Cell. Res. 174 (2): 481-490 (1988); Engstad and Robertsen, Dev. Comp.Imm
unol. 18 (5): 397-408 (1994); Muller et al., Res. Immunol. 145: 267-275 (199
4)); Czop, Advances in Immunol. 38: 361, 398 (1986);
511-1520 (1991); Szabo et al., J. Biol. Chem. 270: 2145-2151 (1995)). Leukocyte complementation receptor 3 (also known as CR3, MAC1 or CD11b / CD18) is both a particulate and soluble β-glucan, as well as other polysaccharides (Thornton et al., J. Immunol. 156: 1235-1246). (1996)). Soluble aminated β-glucan preparations have been shown to bind to mouse peritoneal macrophages (Konopski et al., Biochem. Bi
Acta 1221: 61-65 (1994)), phosphorylated β-glucan derivatives have been reported to bind to mononuclear cell lines (Muller et al., J. Immunol. 156: 341).
8-3425 (1996)).

【0004】[0004]

【発明が解決しようとする課題】[Problems to be solved by the invention]

残念ながら、各グループは、その起源、調製方法、純度及び特徴が大幅に異な
るβ-グルカン調製物を使用している。さらに、これらのβ-グルカンと標的細胞
との間の相互作用の生物学及び生物化学を特徴付けるために、異なる細胞タイプ
及び種、一次と株化の両方の細胞系列、及び異なる機能読み出しが使用されてい
る。然るに、Czopによって記載されたレセプターがCR3でないことは明らかで
ある(Szabo et al. (1995))が、これらの研究者によって記載された多様なレ
セプターの間の関係は定義されていない。Unfortunately, each group uses β-glucan preparations that differ greatly in their origin, method of preparation, purity and characteristics. In addition, different cell types and species, both primary and established cell lines, and different functional reads are used to characterize the biology and biochemistry of the interaction between these β-glucans and target cells. ing. Thus, it is clear that the receptor described by Czop is not CR3 (Szabo et al. (1995)), but the relationship between the various receptors described by these investigators has not been defined.

【0005】[0005]

【課題を解決するための手段】[Means for Solving the Problems]

本発明は、非誘導化水溶性ベータ-(1,3)-グルカンが、ラットのNR83
83マクロファージに位置する新規なレセプターを特異的に活性化するとの発見
に関連する。
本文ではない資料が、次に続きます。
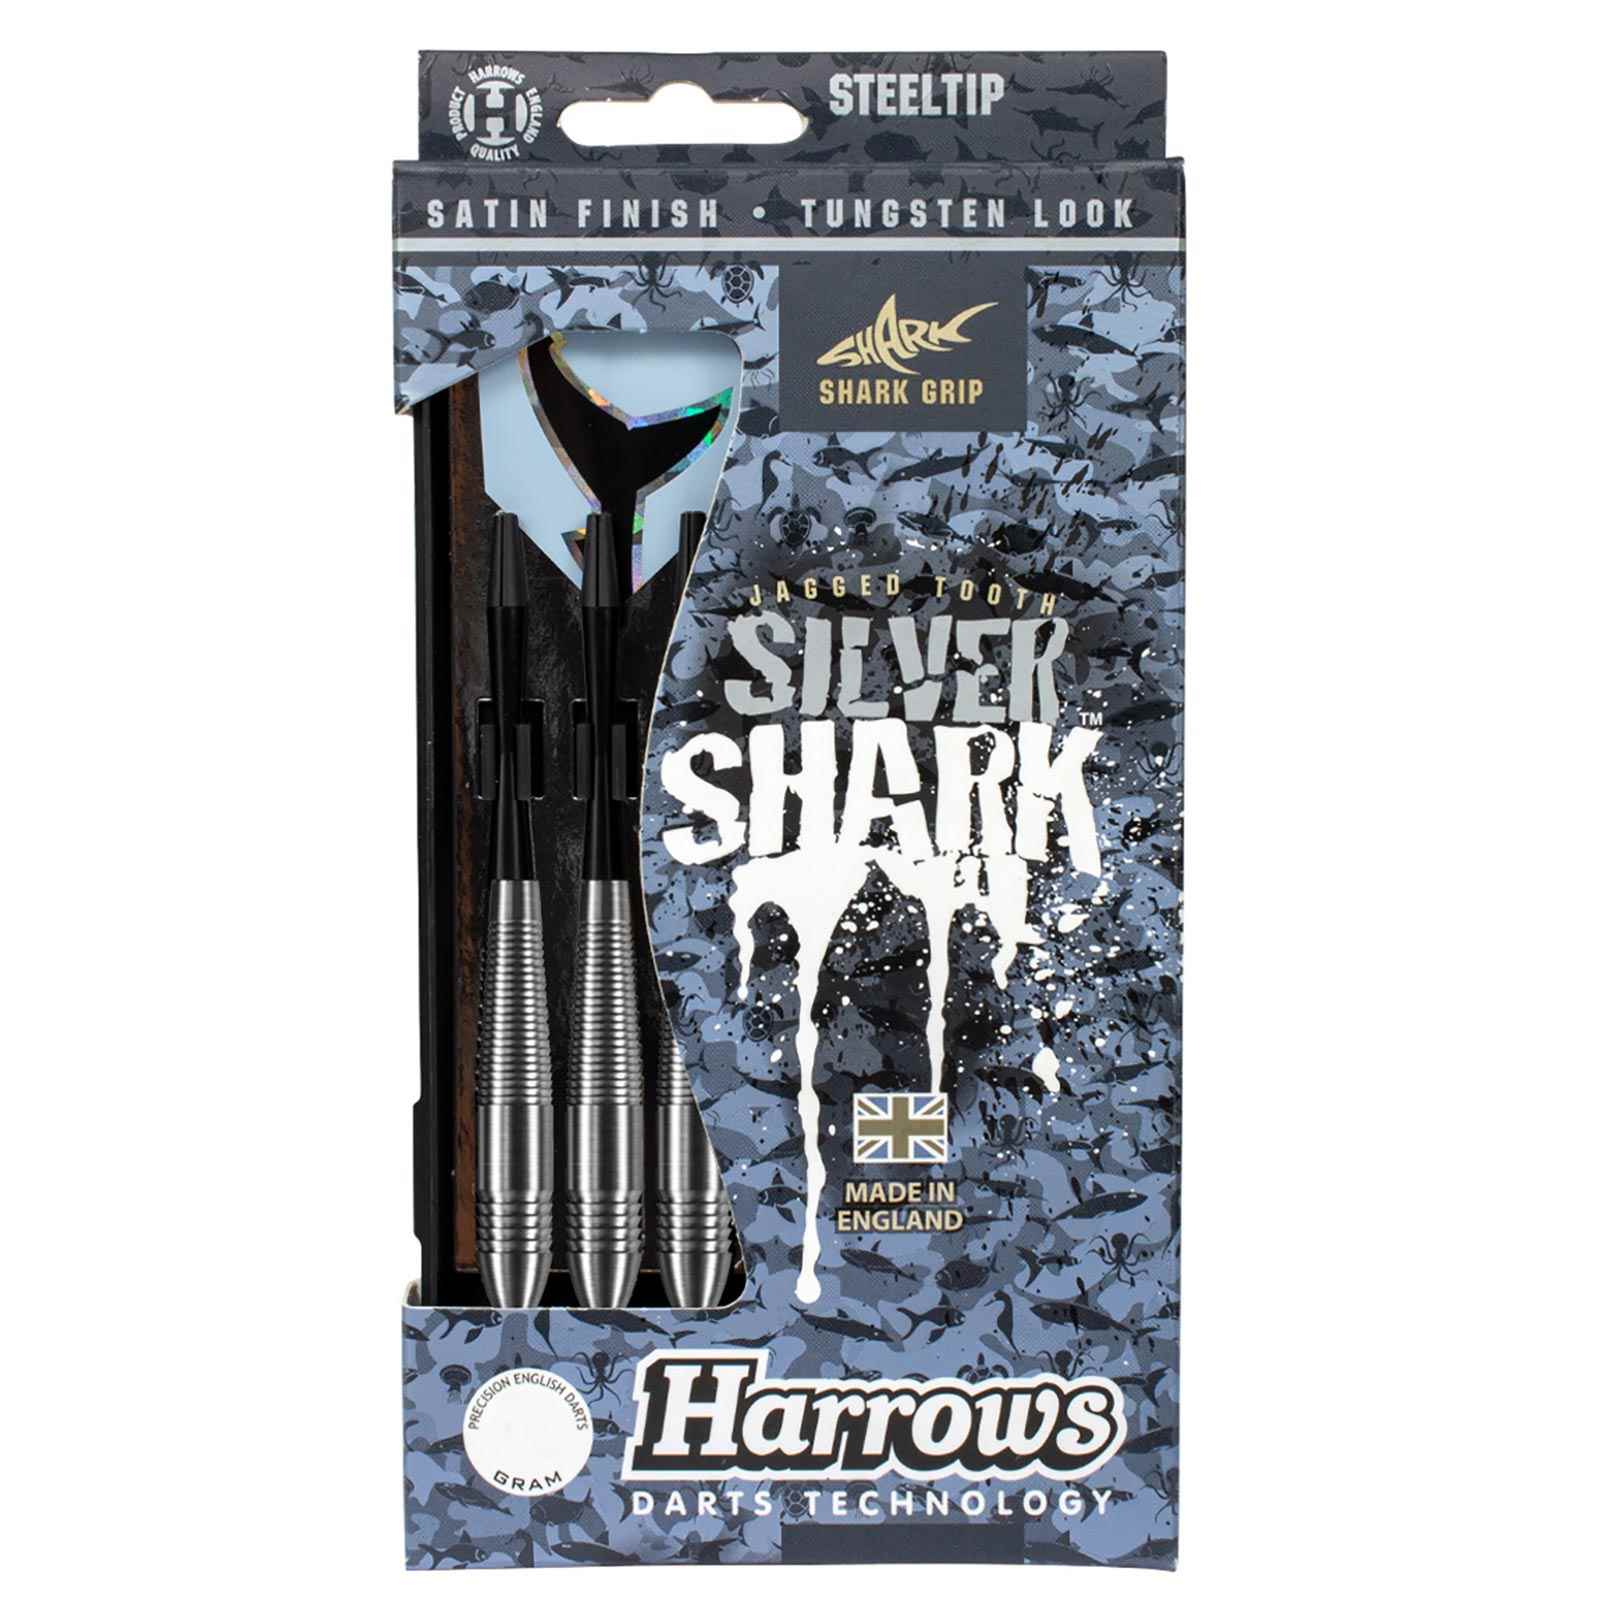 HARROWS SILVER SHARK 24G DARTS

ここに記載するとおり、放射性同位元素標識された、非誘導化水溶
性β(1,3)-グルカンを、ラットNR8383細胞から誘導された膜レセプ
ターへの、このβ-グルカンの結合を測定するために使用した。非誘導化水溶性
β(1,3)-グルカンのレセプターは、タンパク質であり、膜への特定且つ飽
和可能な結合を示し、可溶性β-グルカンのサブクラスについて高度に選択的で
ある。ここに記載した研究結果は、この、非誘導化水溶性β(1,3)-グルカ
ンのレセプターを特徴付け、粒状または可溶性β-グルカンについて周知のβ-グ
ルカンレセプターと明確に区別し、その一方で、非誘導化水溶性β(1,3)-
グルカンの生物学的活性の機構についての、重要な情報を明らかにするものであ
る。The present invention is based on the finding that underivatized, water-soluble beta- (1,3) -glucan is derived from rat NR83.
Related to the discovery that it specifically activates a novel receptor located on 83 macrophages. As described herein, radiolabeled, underivatized, water-soluble β (1,3) -glucan was used to measure the binding of this β-glucan to a membrane receptor derived from rat NR8383 cells. Used for Receptors for underivatized, water-soluble β (1,3) -glucan are proteins, exhibit specific and saturable binding to membranes, and are highly selective for soluble β-glucan subclasses. The findings described here characterize this receptor for underivatized, water-soluble β (1,3) -glucan and clearly distinguish particulate or soluble β-glucan from the well-known β-glucan receptor, while And derivatized water-soluble β (1,3)-
It reveals important information about the mechanism of glucan biological activity.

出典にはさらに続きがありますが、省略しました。